Composition over Inheritance:継承より合成を優先する

入門 | 9分 で読める | 2026.06.18

公式ドキュメント

Composition over Inheritance は、「継承より合成を優先する」という設計原則です。

オブジェクト指向を学ぶと継承が便利に見えますが、使いすぎると変更に弱くなります。

一言でいうと

継承で親子関係を深くするより、小さな部品を組み合わせるほうが変更しやすい場面があります。

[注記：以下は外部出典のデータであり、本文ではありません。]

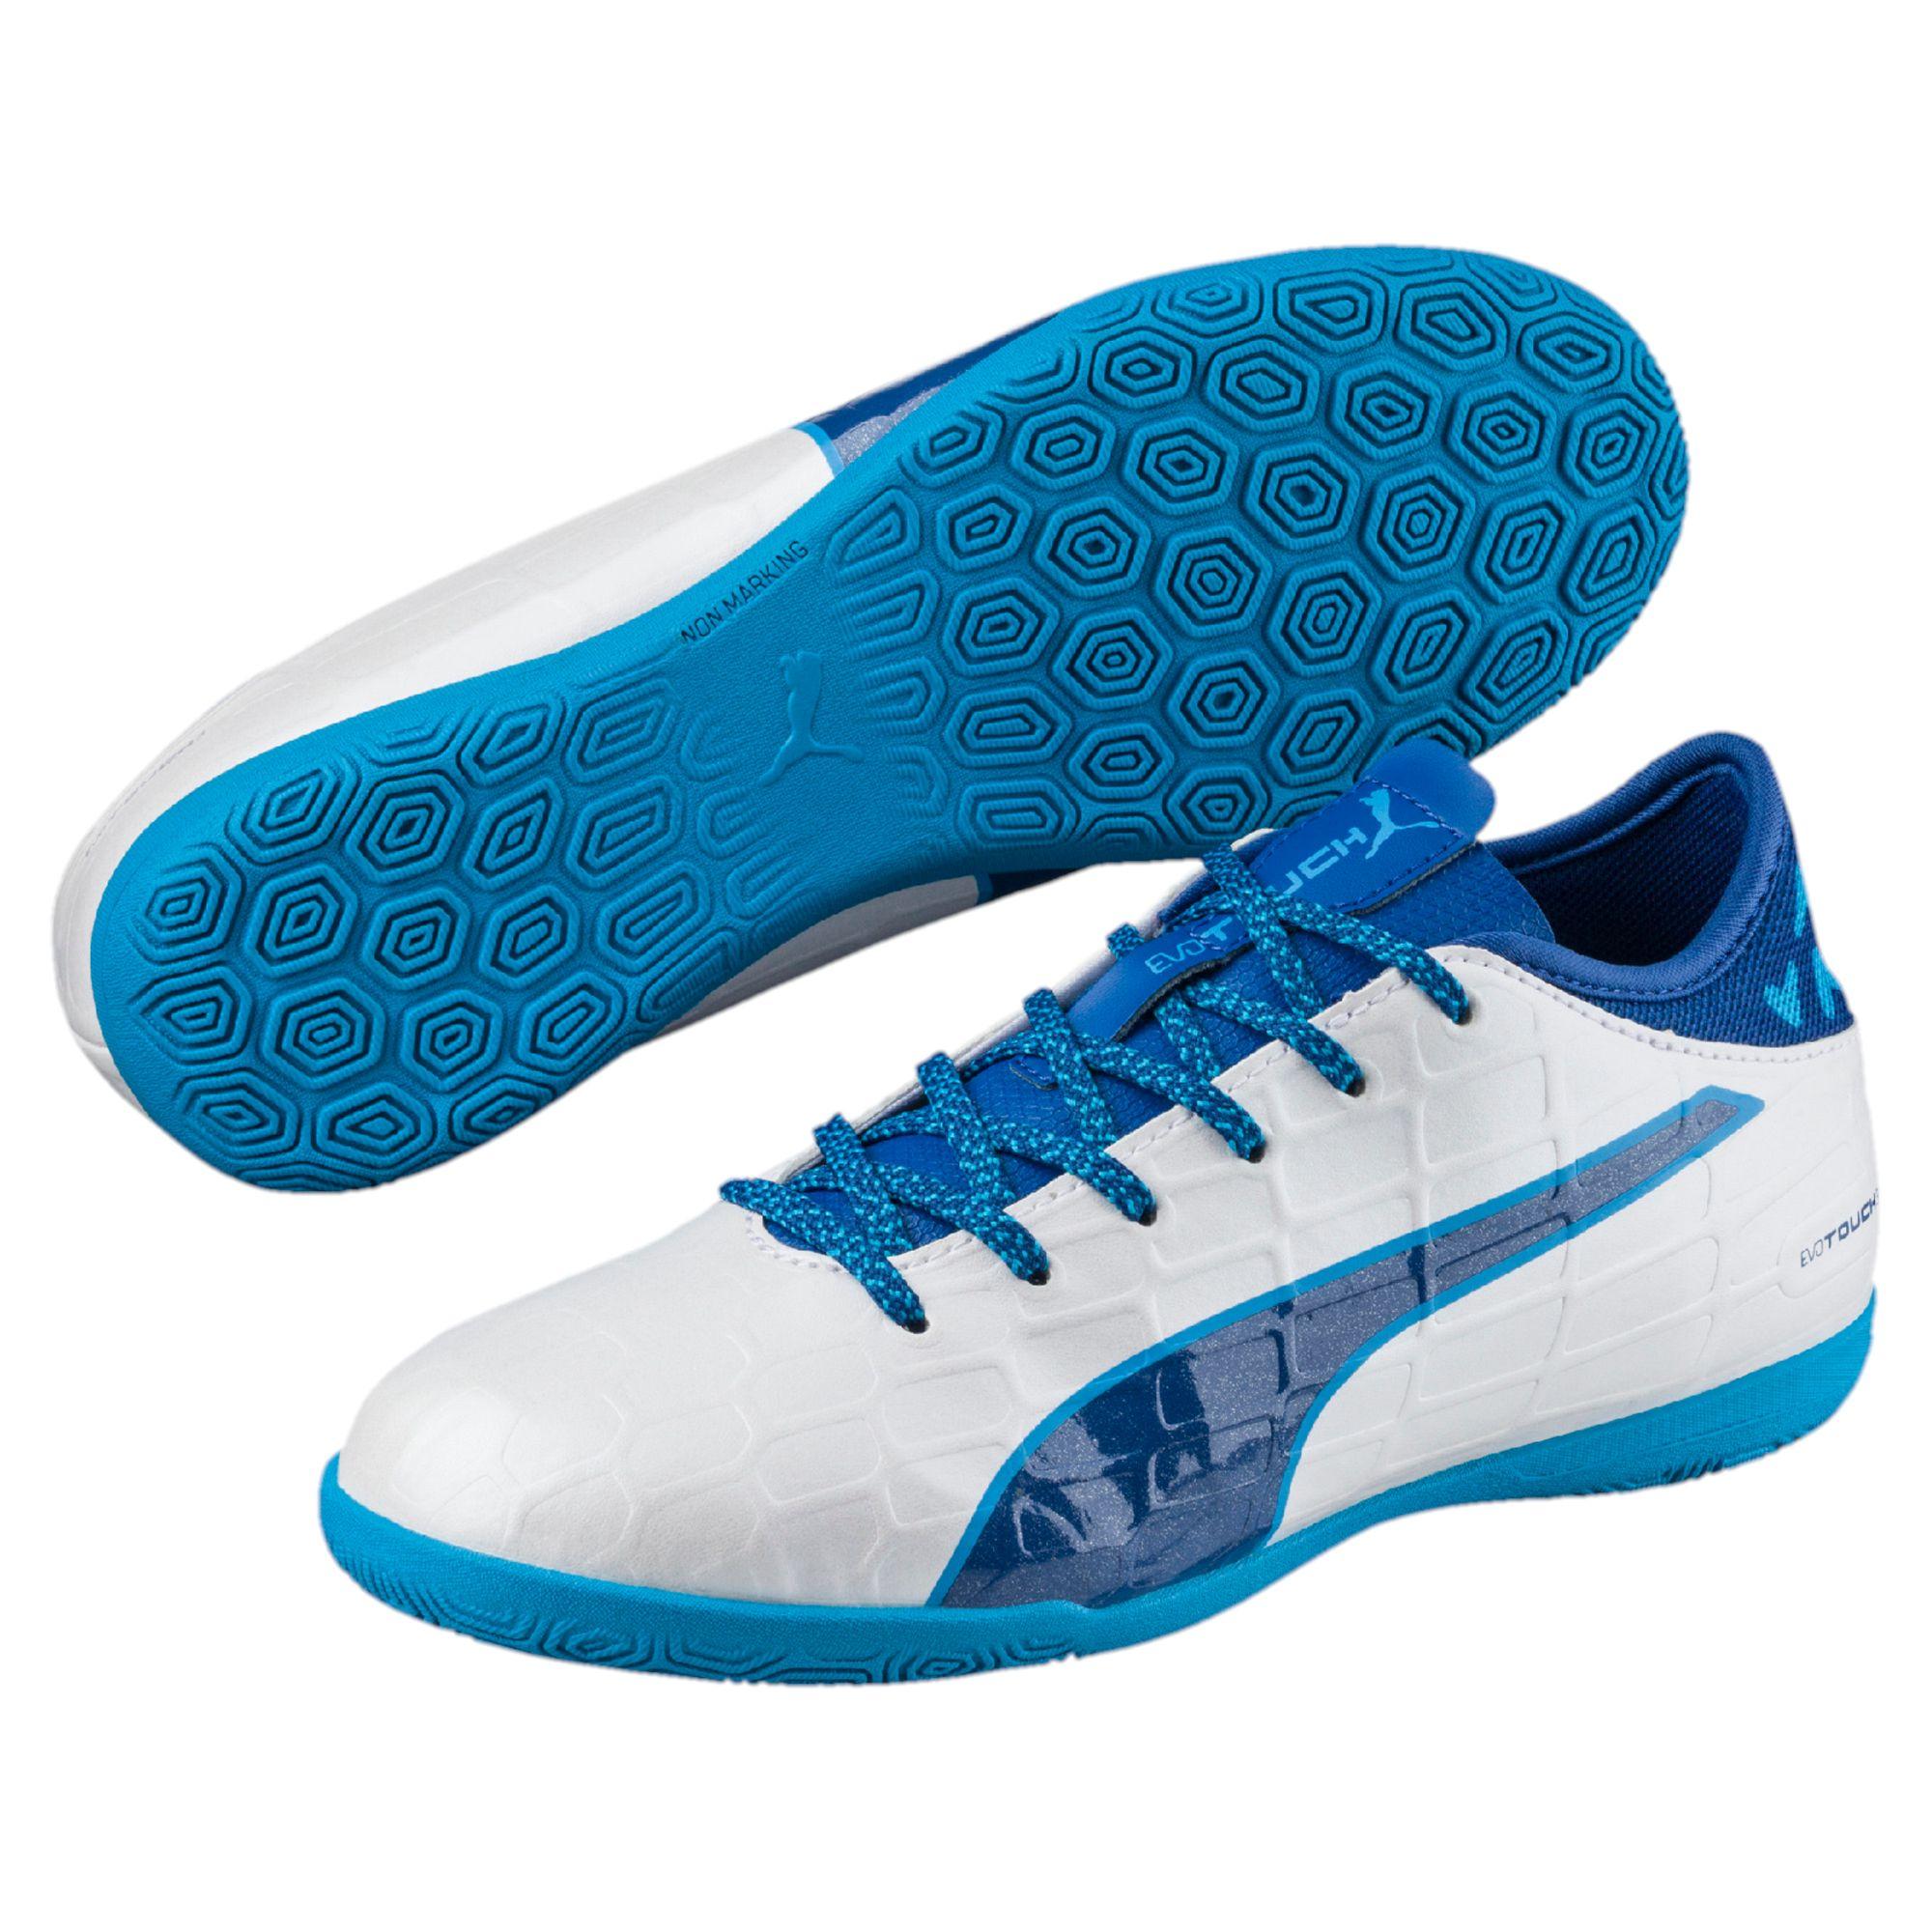 PUMA evoTOUCH 3 IT Kinder Indoor-Trainingsschuhe Unisex Schuhe Fußball Neu

継承は「AはBの一種である」という関係を表します。合成は「AはBを持っている」という関係を表します。

継承の例

class EmailNotifier {
 send(message: string) {
 console.log(`email: ${message}`);
 }
}

class WelcomeEmailNotifier extends EmailNotifier {
 sendWelcome(userName: string) {
 this.send(`Welcome ${userName}`);
 }
}

単純な例では問題ありません。しかし、継承階層が深くなると、親クラスの変更が子クラスへ広く影響します。

合成の例

class WelcomeMessageService {
 constructor(private readonly notifier: Notifier) {}

 sendWelcome(userName: string) {
 this.notifier.send(`Welcome ${userName}`);
 }
}

通知方法を外から渡しています。メール通知、Slack通知、テスト用通知を差し替えやすくなります。

継承がつらくなるサイン

サイン問題
親クラスが大きい子クラスが不要な機能まで持つ
子クラスが増えすぎる変更影響が読みにくい
overrideが多い親の設計と合わなくなっている
継承階層が深い実際の処理を追うのが大変
テストしにくい親クラスの状態に依存する

継承は便利ですが、親の都合に子が縛られます。

合成が向いている場面

  • 処理の一部を差し替えたい
  • テスト用の実装を渡したい
  • 複数の振る舞いを組み合わせたい
  • 親子関係より役割の組み合わせで表せる
  • 将来の変更点が部品ごとに違う

たとえば、通知、保存、ログ、認証、支払いなどの外部処理は、合成やDIと相性がよいです。

継承を使ってよい場面

継承が悪いわけではありません。

「本当にAはBの一種」と言える場合、フレームワークの拡張ポイントとして決まっている場合、共通の契約を表す場合には使えます。

ただし、コード再利用だけを目的に継承するのは注意です。

まとめ

Composition over Inheritance は、継承より合成を優先して考える設計原則です。

親子関係で縛るより、小さな役割を組み合わせるほうが、差し替えやテストがしやすくなります。